Constant anxiety about whether one can ‘measure
up’ to peer or related group requirements produces
the ‘lonely crowd’ and ‘other directed’ personality.
(Does my bum look big in this?)
The feminists
• De Beauvoir pointed out that in a world
constructed and controlled by men, women could
only see themselves through male eyes
• Freidan mainly argued that society would be better
off if women were treated equally, especially at
work
• Greer pointed to historical and contemporary
evidence of men’s hatred and oppression of
women, with sexual expression being seen as a
major site of control
The feminists
Ehrenreich argued that the fashionable 1960s
horror of conformity came partly from a
male rejection of providing for an
essentially dependent group – the wife and
kids. She also saw it as the logical
byproduct of the capitalist ideology of
competitive individualism, which also
undermines traditional family life.
Lasch
• Lasch argued that after the political turmoil of the
sixties people withdrew into ‘psychic selfimprovement’ and learning to ‘relate’.

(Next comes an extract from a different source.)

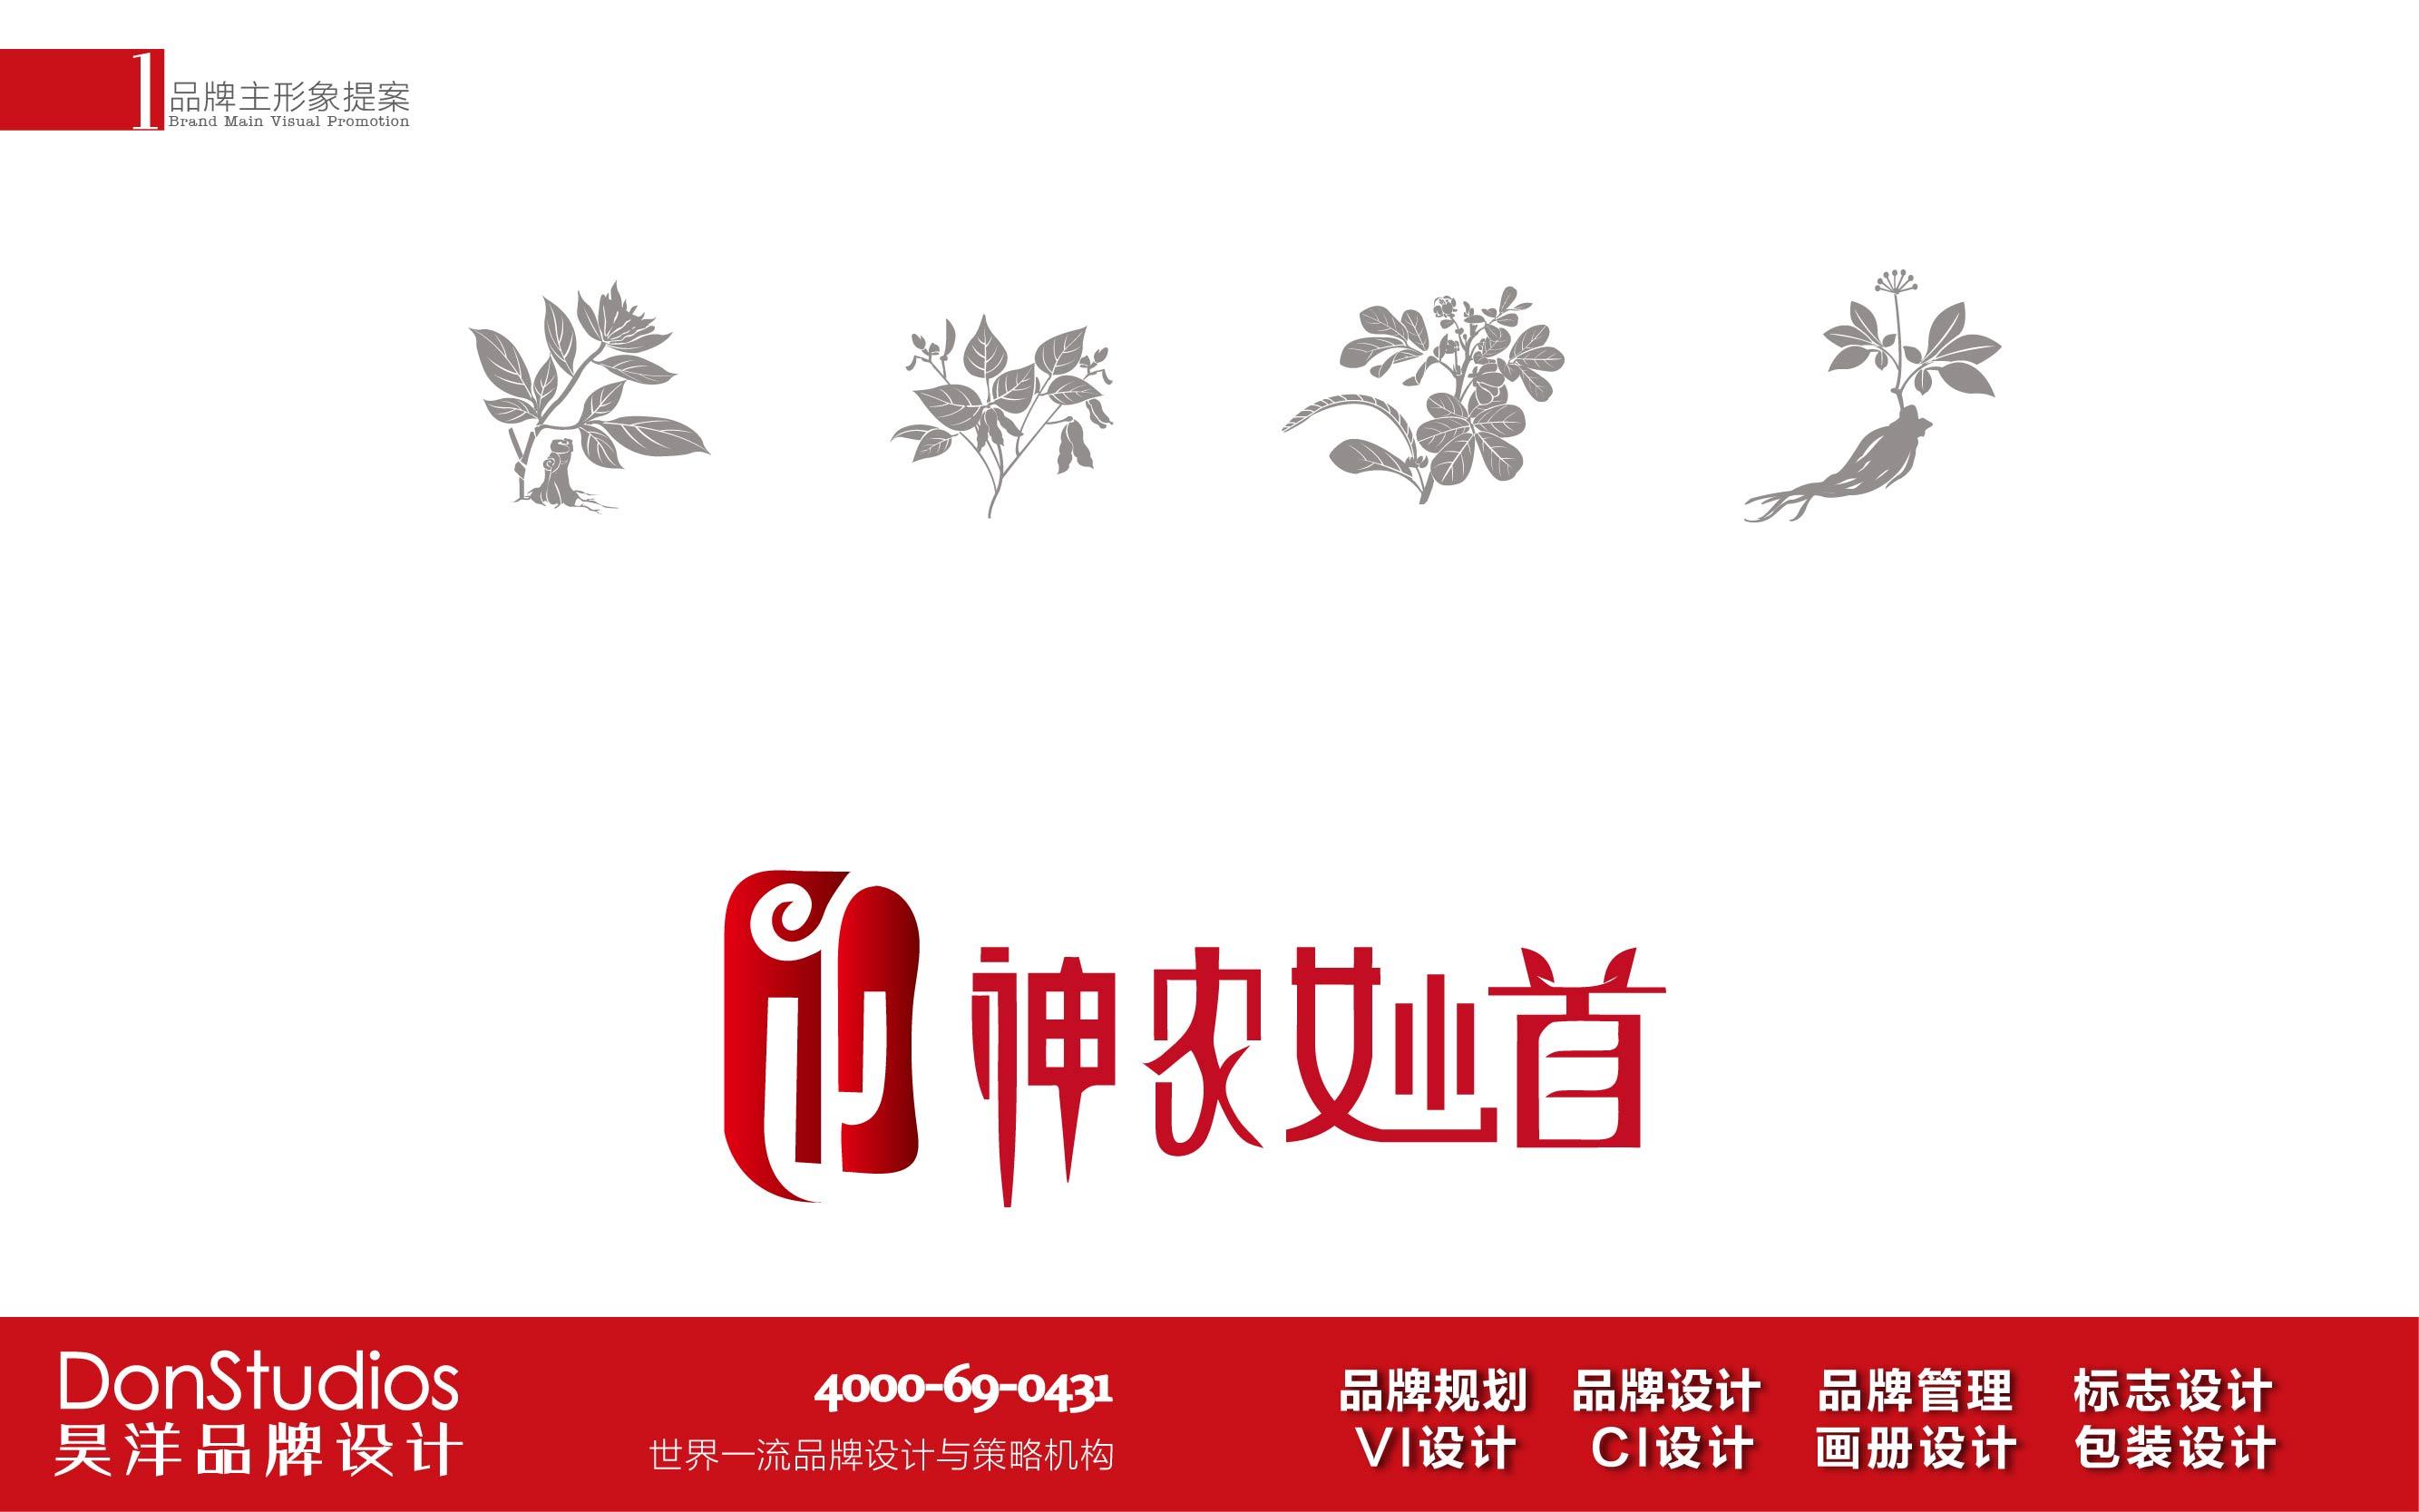 店铺logo设计

• Exposed increasingly to the market, the family
increasingly becomes a site of contradiction, as
reality fails to measure up to advertising fantasy,
and the person becomes more fragile as a result of
market generated family and peer pressures.
A postmodern world?
Global culture is so complex and diverse that belief
in God and science must be seen as meaninglessly
relative.
In the world dominated by the market there is only
‘spin’ which seeks to produce fashion, mass
appeal and related product or service take-up. All
professional endeavour reflects and seeks to create
this.
History and culture become mere trappings of the
product, which is also the self.
The policy alternative
• Requires successfully coordinated international,
national and local structures which can provide
business incentives to promote health and
environment development for current and future
generations, commencing with the most
vulnerable social groups – children, and other
fragile forms of life.
• This is ideally supported by a broadly debated
quest for evidence, education and communication
which encompasses the whole community.